I’m clustering my single-cell data using Scanpy package, and I use rank_gene_groups to rank genes for characterizing groups. This returns names, scores, logfoldchanges, and pvals_adj for my Anndata format. I’m trying to interpret scores for this data, but I couldn’t find any explanation except the source code. My code:
sc.tl.rank_genes_groups(adata, 'leiden', method='t-test', n_genes=adata.var.shape)

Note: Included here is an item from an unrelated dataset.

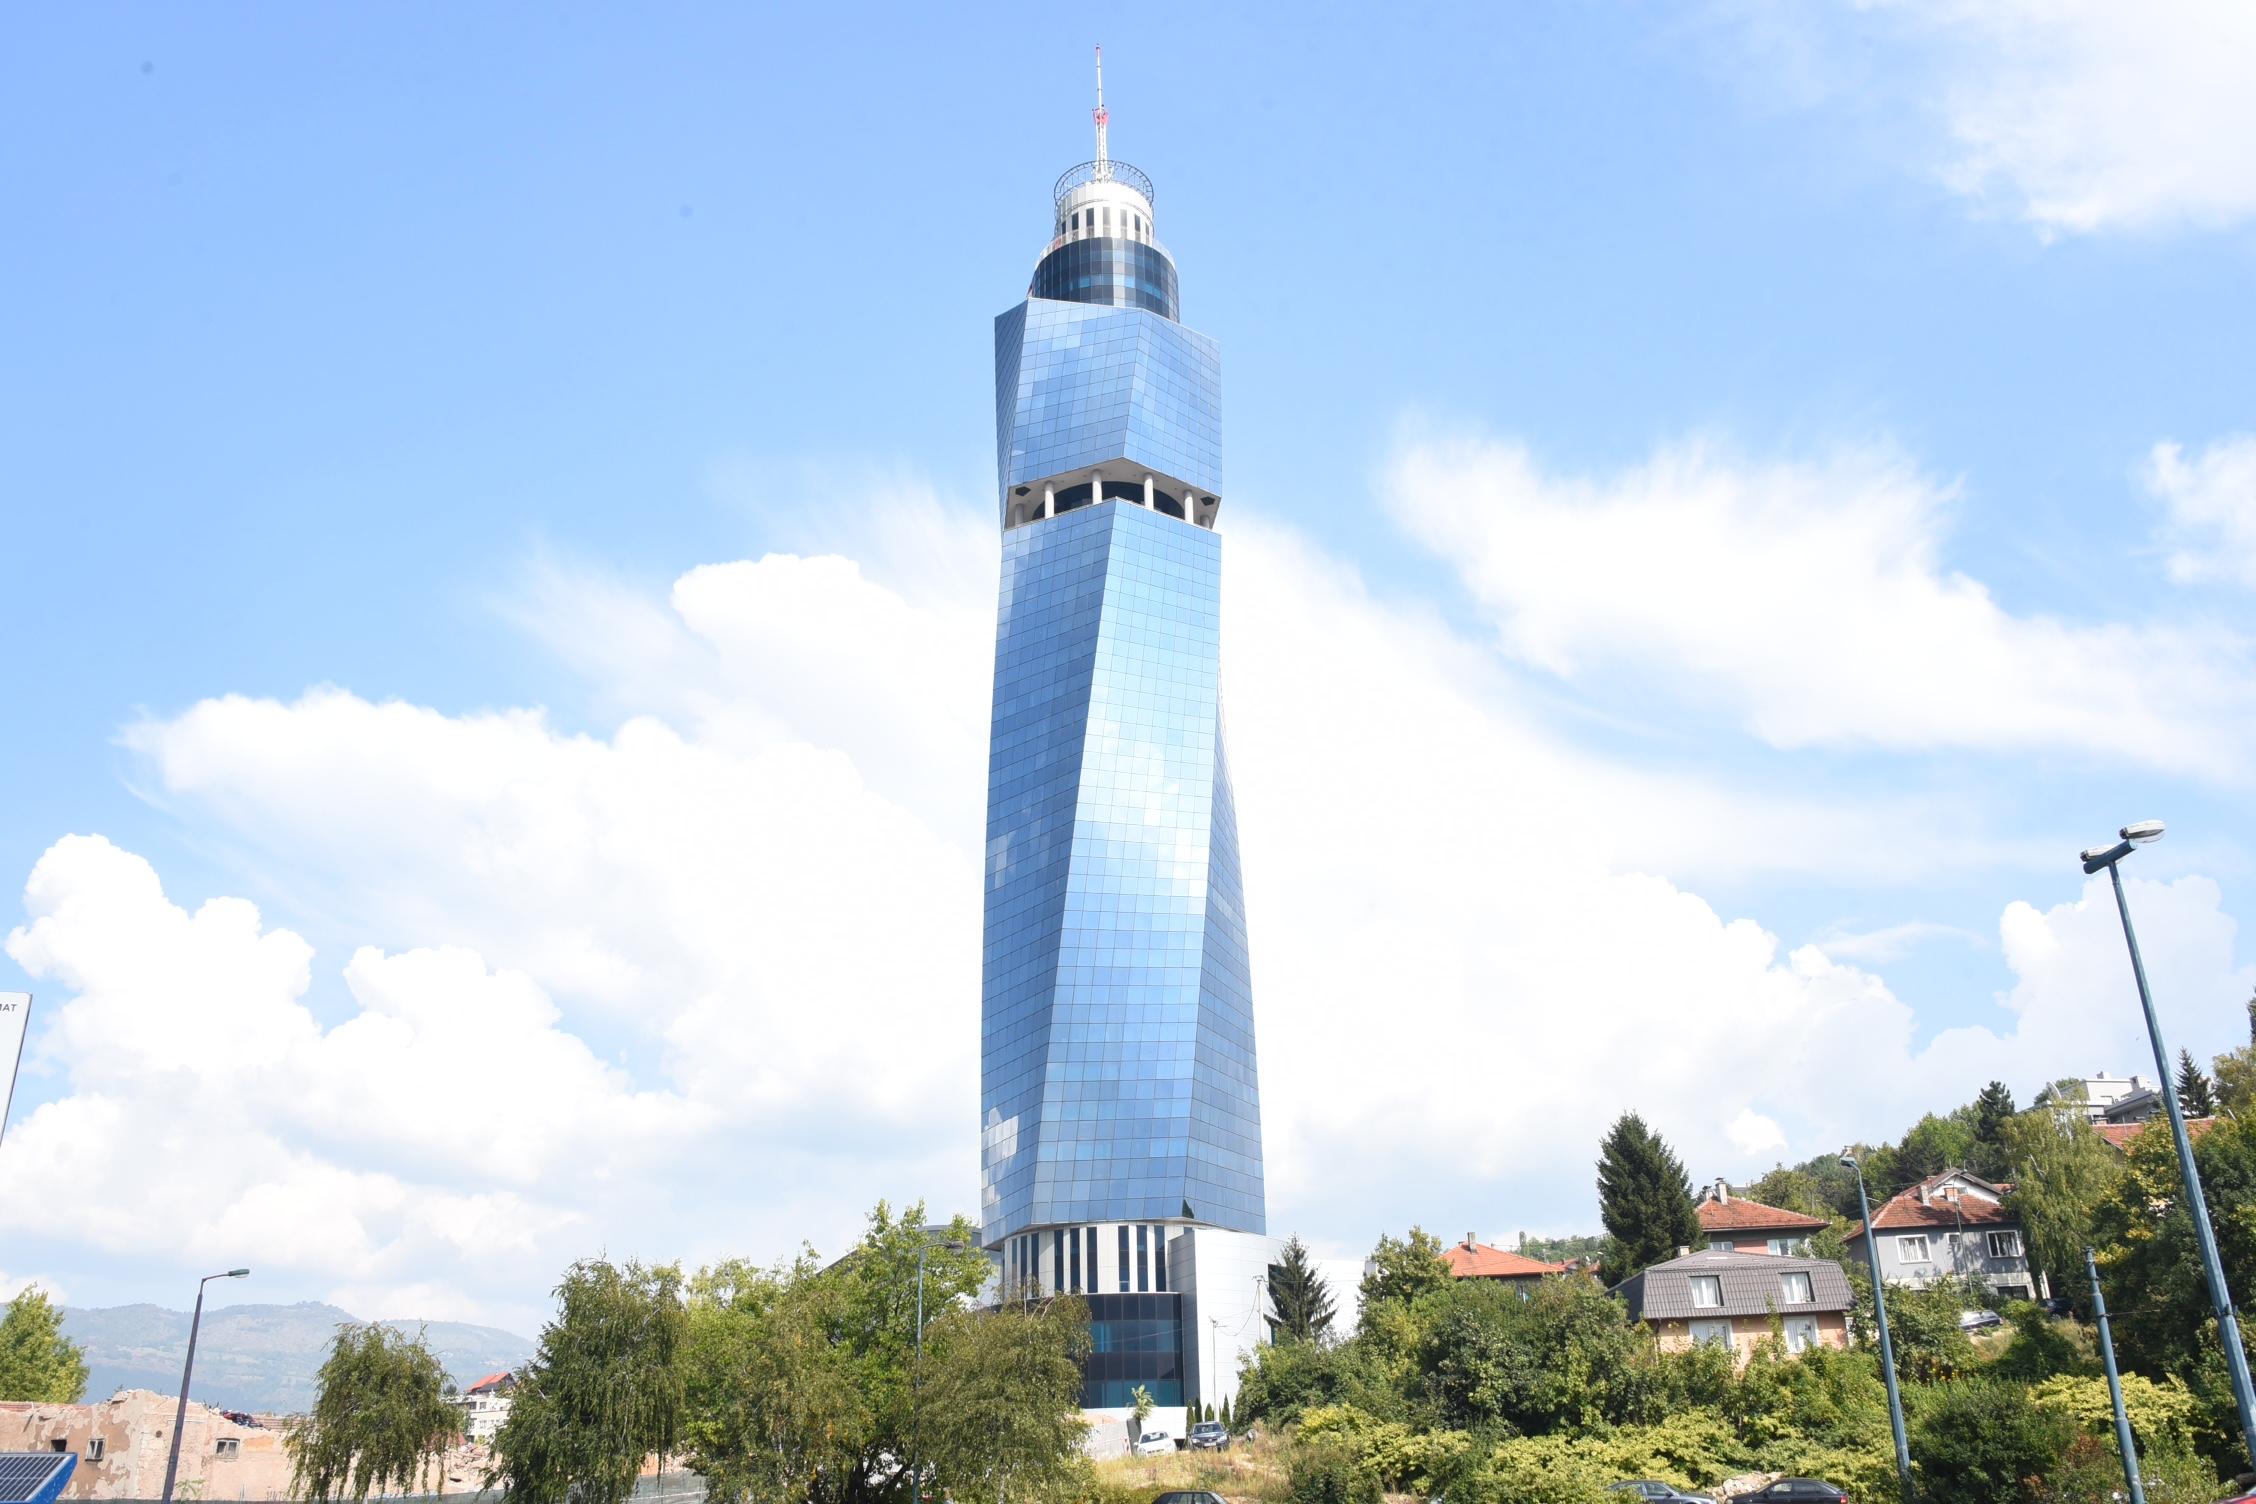 Visina od 175 metara s antenom, bez nje 143 metra, čini ovaj objekt najvišim u regionu - Avaz

The values for scores are all between about 1.2 to 39 for the whole list of marker genes (not the limited first 100). This range doesn’t make sense based on the definition, as below:
scores: structured `np.ndarray` (`.uns['rank_genes_groups']`) Structured array to be indexed by group id storing the **z-score** underlying the computation of a p-value for each gene for each group. Ordered according to scores.
A couple of lines from my result is shown as follows. 0-n means the ‘name’ of cluster 0, followed by 0_s as ‘scores’, 0-p as ‘pvals_adj’, and 0_l as ‘logfoldchanges’ for cluster 0. Afterward, we have the same data for other clusters. (I have 5 clusters, but not all are shown in the image)
Could you please tell me what “scores” really mean in this result? Your help would be much appreciated! Thanks a lot in advance!